The specifics of Eli Manning's ankle injury, which was requiring him to have surgery Thursday, are not really at issue here. His recovery will be what it will be, and the timetable at this point does not seem as though it will conflict with the significant on-field portion of the New York Giants' offseason program. Those who would panic over Thursday's news are no more or less correct than those who would dismiss it outright.

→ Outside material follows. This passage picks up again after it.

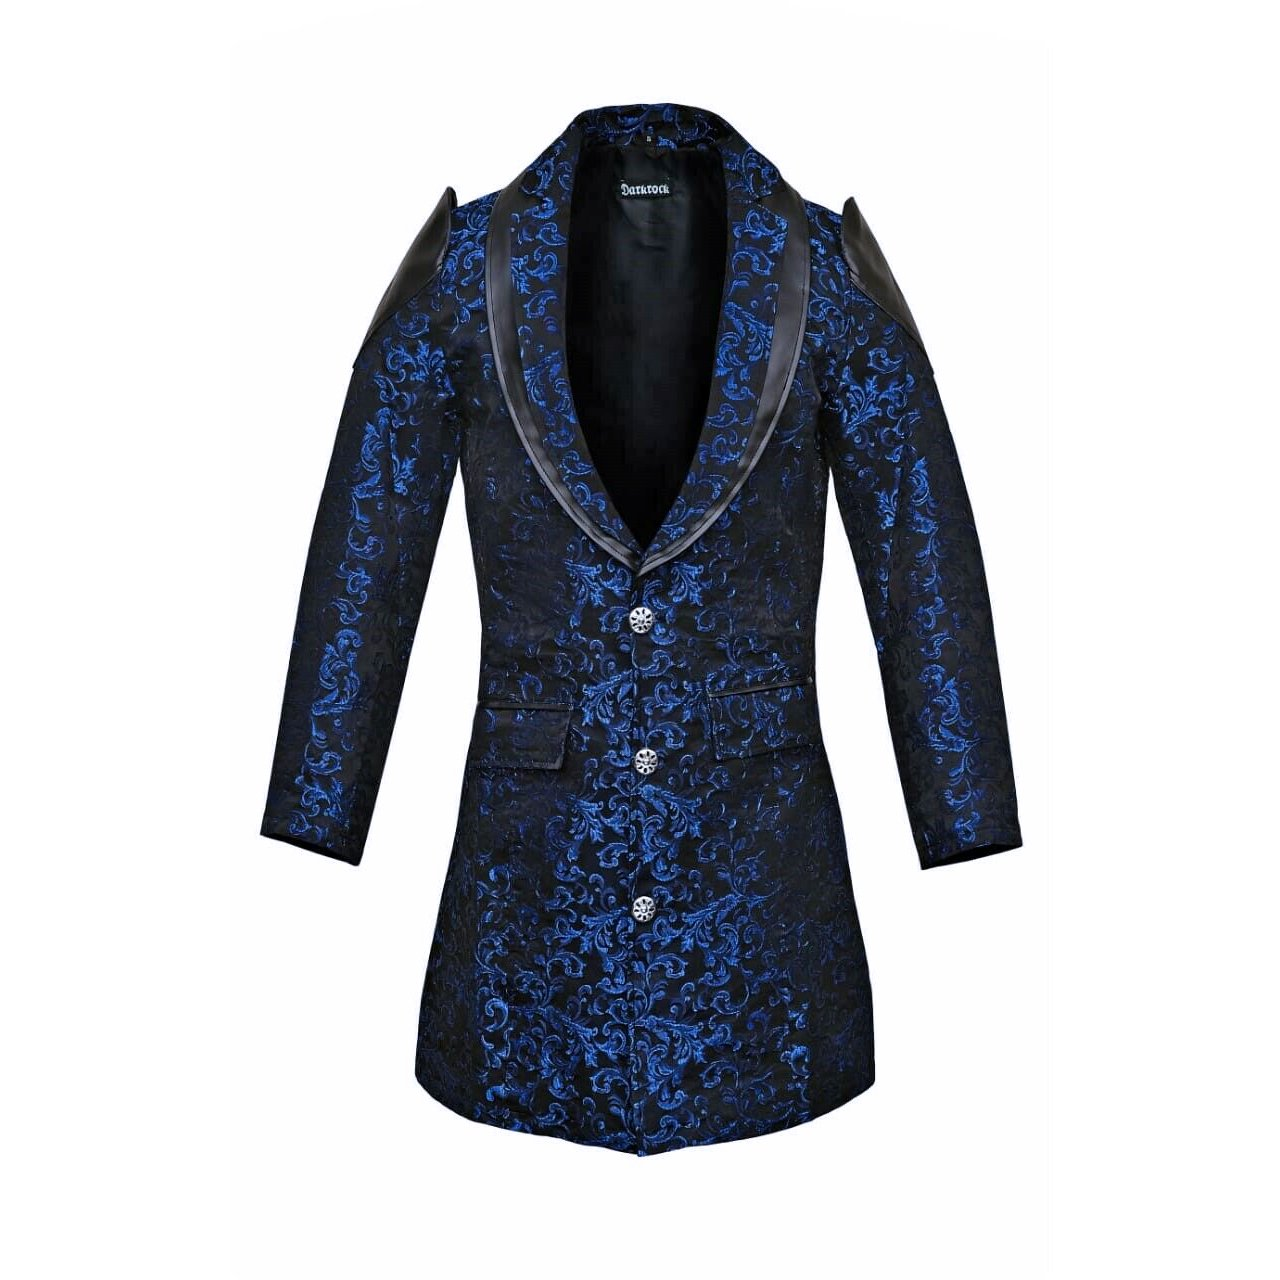 DARKROCK Men's Jacket Coat Blue Damask Gothic Steampunk VTG Aristocrat faux leather (2)
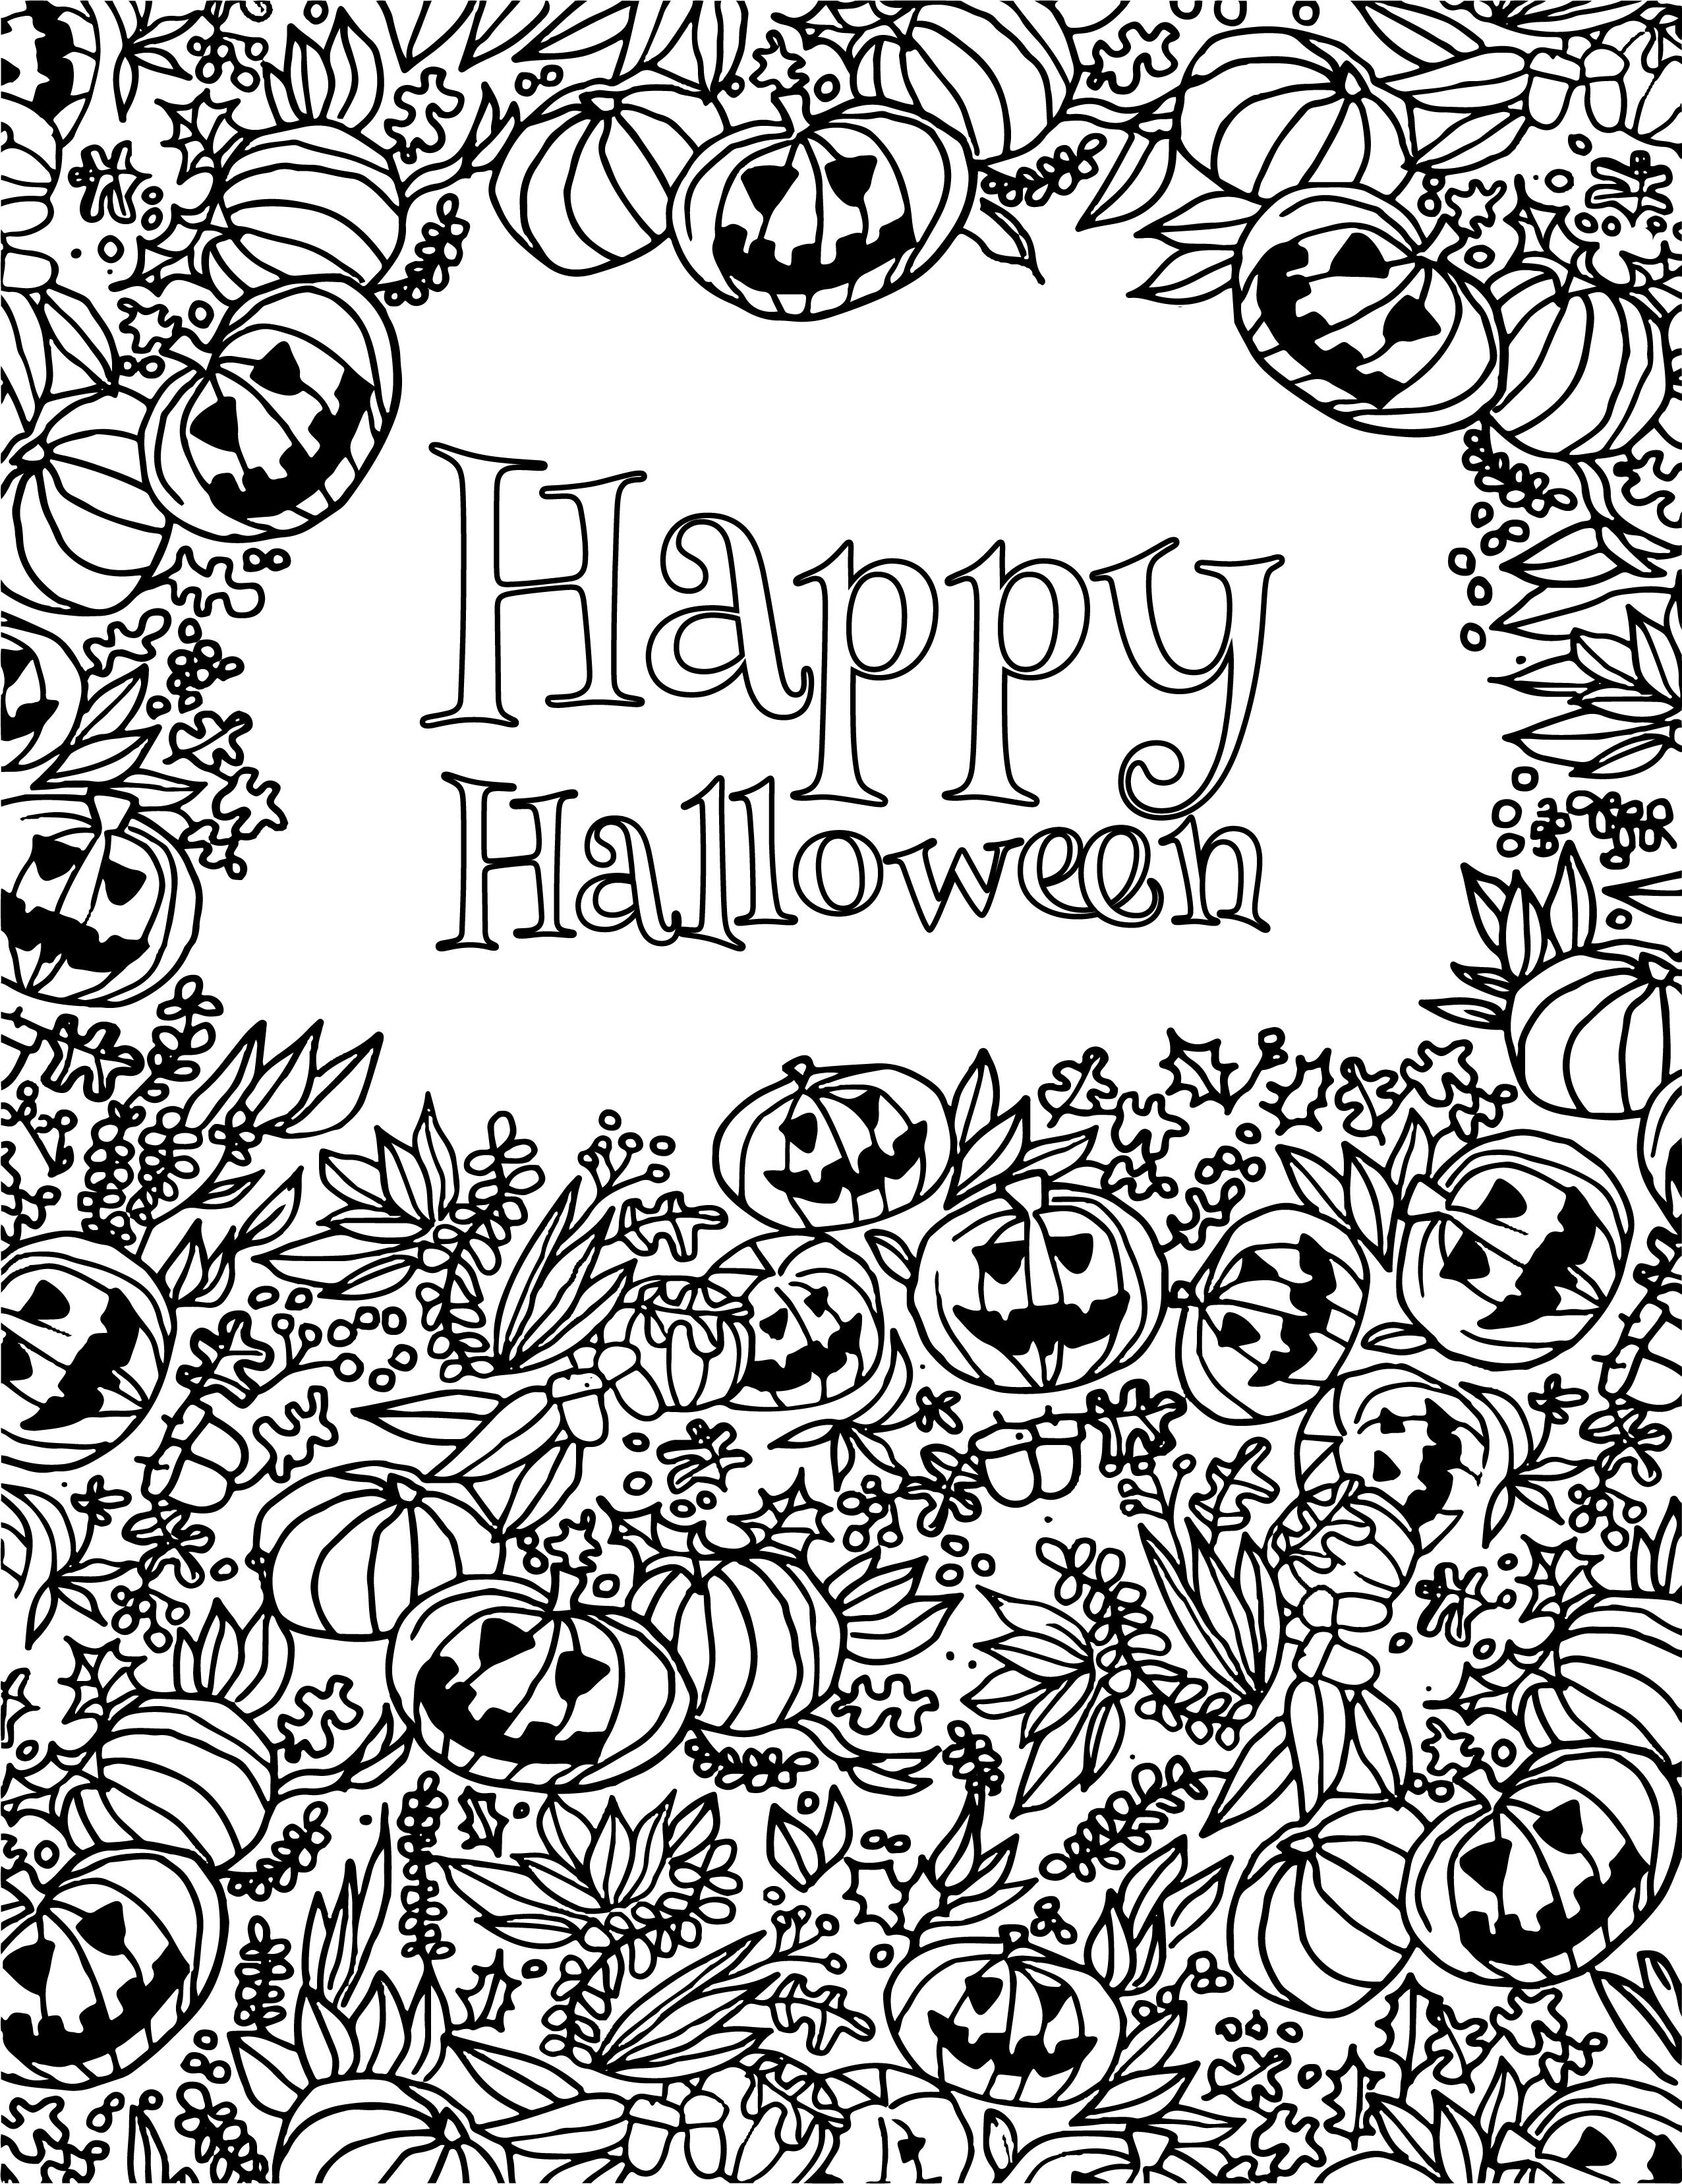 Joyeux Halloween Party coloriage 31 octobre - Artherapie.ca

This is not nothing. The franchise quarterback is being operated on, and there are things he'd normally be doing at this time of the year to prepare for the season that he won't be able to do. But at this point it also does not appear to be something about which to be overly alarmed. If it lingers into June, and the Giants are on the field learning the new offense without Manning, then we can talk about ways in which it might affect the 2014 season. For now, we can give the most durable quarterback in the NFL the benefit of the doubt.
But because Manning is the most durable quarterback in the league, having not missed a game since he got the starter's job as a rookie in 2004, it's worth examining the concept of an Eli Manning injury in general. He doesn't, in any meaningful way, ever have them. Oh, sure, he has played through pain and maybe even an ailment or two that would have sidelined other quarterbacks. But an injury that forces Manning away from the field is not something the Giants have had to confront. Ever.
That's important. The Giants make their plans, every year, around the idea that Manning won't miss any time. He doesn't miss games, practices or offseason workouts. He is always there, without exception, and that and his two Super Bowl MVP awards are the reasons he's paid as one of the top quarterbacks in the league. The Giants don't really employ a backup quarterback in the fill-in-starter sense. What they look for in a backup is a good scout team quarterback. Curtis Painter isn't a real option to play if Manning has to miss a bunch of time, and Ryan Nassib remains what he was on draft day last year -- a long-range project who may or may not ever play for them. If Manning were to have to miss games, the Giants would quite honestly have little reason to show up for those games. He's as important to his team as any player in the league, and the key to that importance is the reliability of his health.
Which is why this is a faint-sounding, long-range alarm bell if not a short-range one. Manning is 33, which isn't old by modern NFL quarterback standards but certainly isn't young. There will come a time when he's not able to answer the bell for every single game and every single practice. Whether that time comes this year, next year or five years down the road, it is coming. At some point in the not-too-distant future, the Giants will have to answer questions at quarterback that Manning's reliability has kept them from having to address for the past decade. News that their indestructible franchise quarterback is having surgery is cause to appreciate what Manning has meant to the Giants, and a warning that he won't always be there for them.